We arrived early Monday to our camp covered in snow and had a heap more coming. It was to be a cold few days scrub.
In the 3 days hunting, we seen far too many thar :Wtfsmilie:  Several bulls competing over fewer nannies at one time. They were fighting and brooming which in my opinion does not help trophy potential. KiwiJames managed to get 2 good bulls with one old fella that was 13 yrs old. My other cobber got a nice 13 and a bit inch bull.
I only scared the shit out of an 820yrd rock for a laugh. I only seen one bull that I would have taken but it was inaccessable.

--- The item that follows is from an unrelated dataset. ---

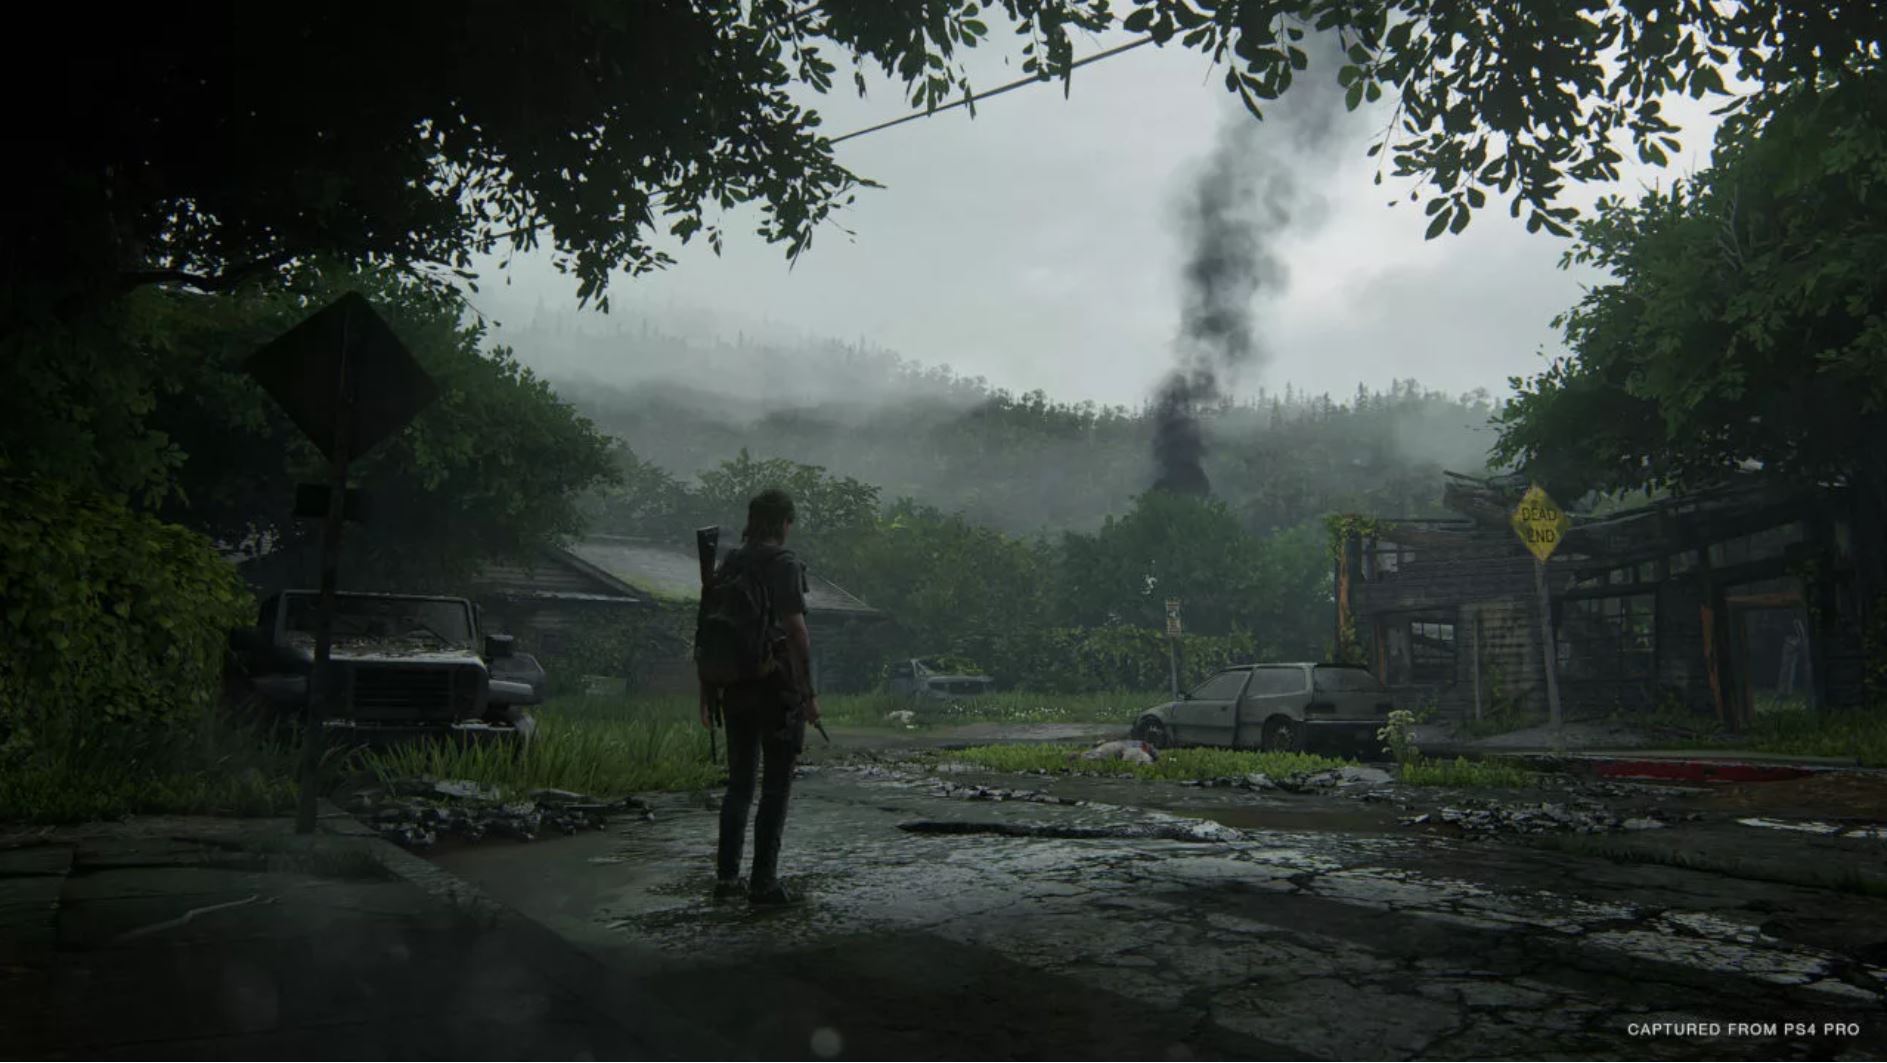 New Release Dates Announced For The Last of Us Part II and Ghost of Tsushima
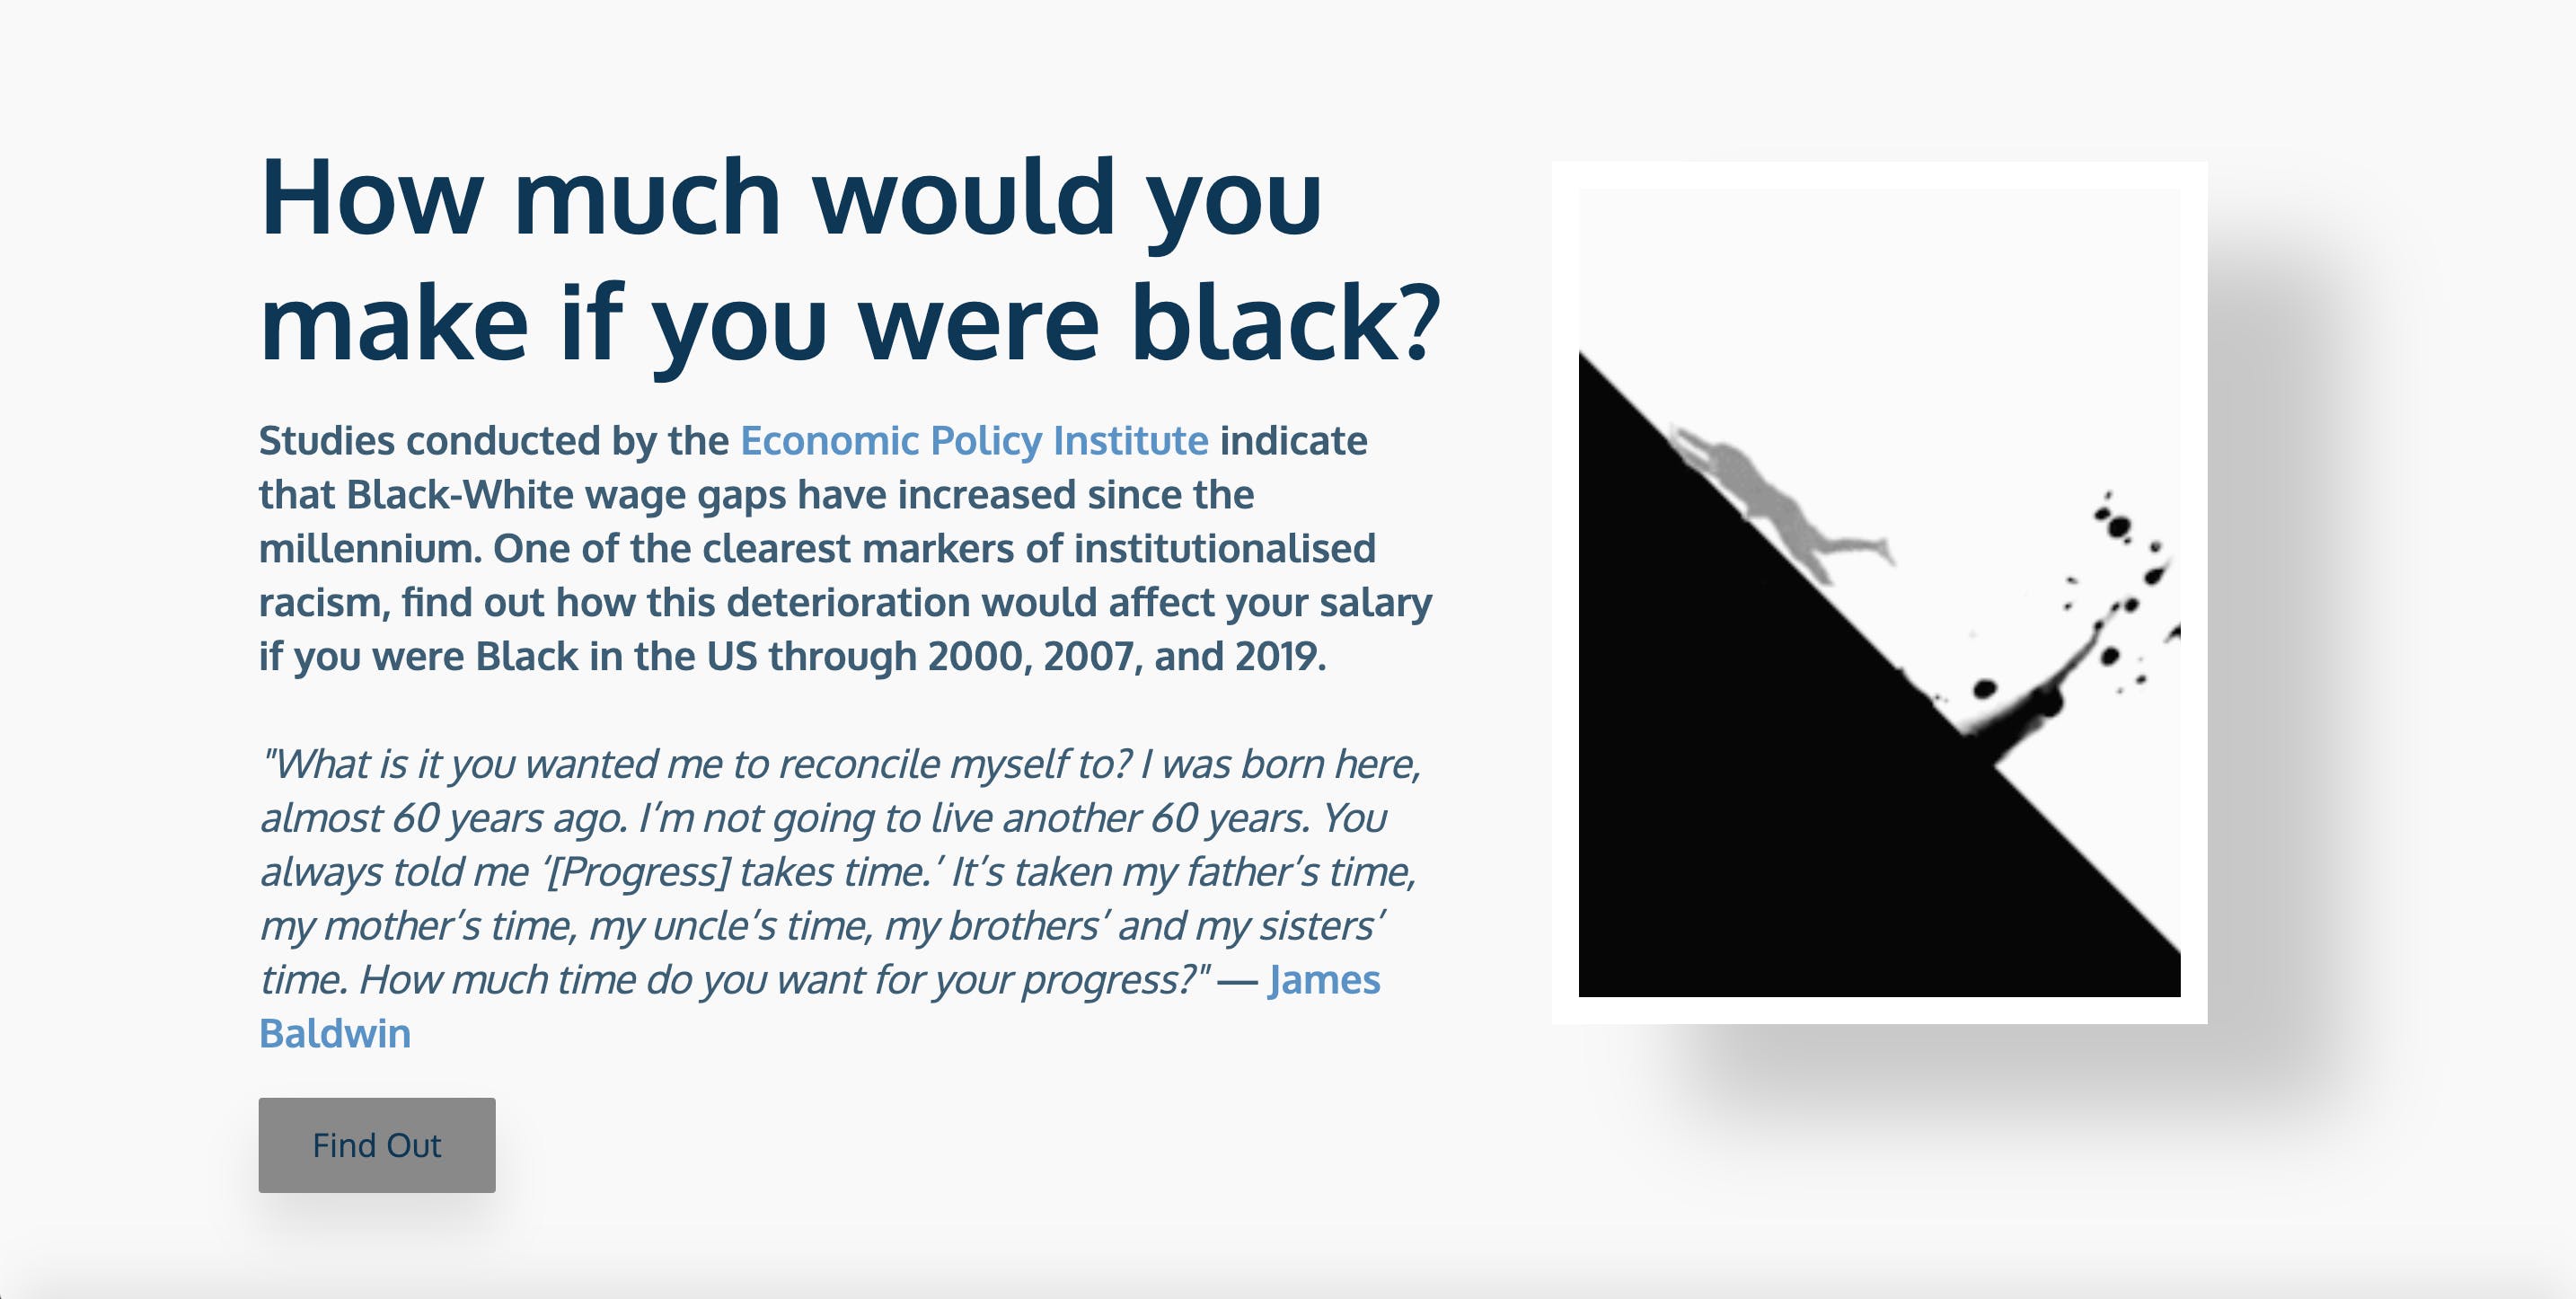 How much would you make if you were black? media 1

The focus was to find one for KJ and he did well for his first go.
Not much of a report but I am still thawing out and have to get KiwiJames back to CHCH for his flight home to some cushy NI hunting. :Grin: 

KJ wondering what he got himself into After setting up camp this young bull come down to laugh at us
The only view allowed of me because of possible night terrors for anyone seeing the front    A few other pics, enjoy.

----------


## Tahr

Beautiful pics. My turn next week.

Well done chaps.

----------


## Wildman

Awesome. Much better than we did...

----------


## Rushy

Brilliant R93 but shit it looks cold

----------


## R93

Kiwijames will no doubt do a better report and he has some awesome pics as well. 
The order of the pics is a bit mucked up and I am to retarded to know how to fix them.
The bull in the spotting scope was KJ's big boy a few minutes before he copped it. The wet sorry looking bull on the snowy flat was meters from our camp.

There is a bull in the 5th pic down on KJ's right hip. I was taking a pic of him taking one of the bull, but it didnt come out right.

It was farkin cold. You had to get up the hill for any sun as our camp only seen it for an hour around 3pm. I need to go back to OZ to come right. :Grin:

----------


## JoshC

Love that last pic mate...awesome  :Cool:

----------


## Scouser

That Thar bull looks like a cracker to me (ive never seen one in the 'flesh' so to speak) will have to add a 'Thar hunt' to the old bucket list methinks!

----------


## phillipgr

Wicked surroundings

----------


## Munsey

Some of the best photos ive seen on a tahr so far on this forum,and all in  one trip !. Well done all! . Does look a tad cold , but I bet you would still give your left nut to be back there !

----------


## R93

> Some of the best photos ive seen on a tahr so far on this forum,and all in  one trip !. Well done all! . Does look a tad cold , but I bet you would still give your left nut to be back there !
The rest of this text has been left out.